Foster’s eyes carried an evil glint. “That’s because the crew knows one thing.”
“You don’t know when to quit.”
Foster charged full-speed with his head down, and forced Carter to step right. But Foster twisted his torso and caught Carter in the gut with his shoulder, and tossed him over his hip. Carter flipped over to his back to hit the gym mat hard, jolting the breath from his lungs. He stared up at the lights hanging overhead, sucking in air as his spine protested this new abuse.
“I wouldn’t want to meet you in a dark alley,” he gasped.
Foster scoffed and offered Carter a hand up. “That’s why they call me Terminal Gun.”
Carter groaned. Foster had coined the term for himself. Carter hated that his gunny felt he wouldn’t land another promotion, but Carter’s recommendations had all been denied. That was his fault. He’d bucked the brass one too many times, and those officers who’d remained loyal to him had paid the price.
“You don’t make my job easy, do you?” A feminine voice filled the wide gym’s hollow spaces.
Foster reached for a towel hanging on a handrail off the bulkhead and swung it over his sweaty shoulder, smiling. “Hi, Doc.”
The ship’s chief medical officer frowned at both of them. Tamarin Shu had served five years on the USV Walker Pierce with both Carter and Foster. She’d lectured Carter so many times about how hard he trained that they replayed automatically when he saw her. You’re the captain, not one of the SEALs, and you don’t need to over-train. Those stress fractures you suffer take six weeks to heal each time, and weaken your bones. With your years in space in artificial gravity, and at your age, you need to take care.
“Good morning, Tam,” said Carter. “Need something?”
“No, sir. I mean, I had an appointment with Gunnery Sergeant Foster.”
“Yeah, we’re qualifying her on rifles today,” said Foster with enthusiasm. “But I thought that was after the staff meeting.”
Another voice came from the passageway. “You mean the staff meeting we’re supposed to have right now, Sergeant?” Because Lieutenant McWarren didn’t dare speak to the captain that way, she leveled her flinty gaze at her subordinate, Foster.
Carter and Foster exchanged glances as the XO stepped inside the gym, and Foster rolled his eyes. While Carter agreed with the sentiment, he knew he should have been more aware of the time. McWarren would stay over on her midnight-to-seven shift for the fifteen-minute staff meeting, to catch up on operational issues of the day before she took her off time.

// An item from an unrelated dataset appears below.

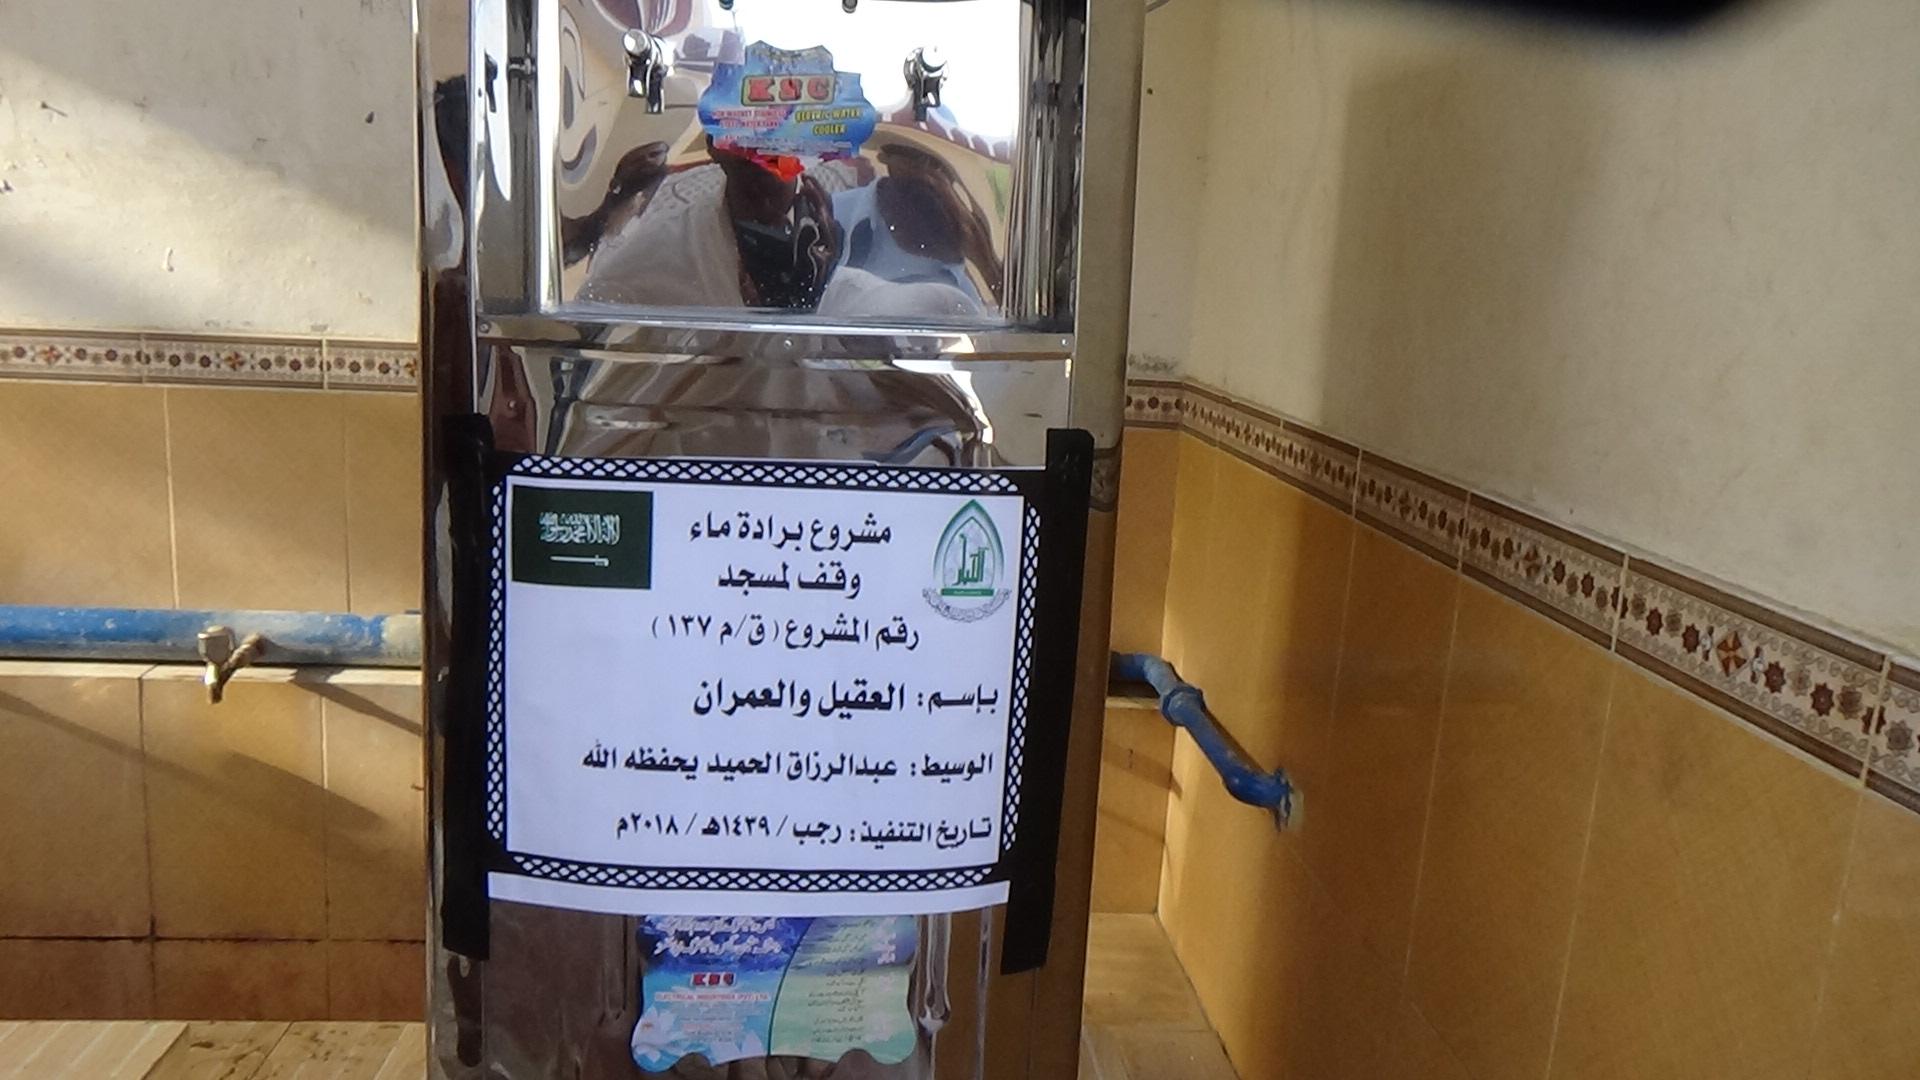 Photo of مشروع برادة ماء وقف لمسجد بإسم / العقيل والعمران (ق/م 137 )

Lieutenant Jaime McWarren clasped her hands behind her back, wearing her usual disapproving frown. In her late twenties, McWarren was too young for this position and her rank, even if she’d earned a reputation as a wunderkind strategist at Naval Operations. Why she’d chosen this duty eluded everyone on the ship. McWarren could have had a cushy career at Naval Operations and never seen a day of hard duty or battle.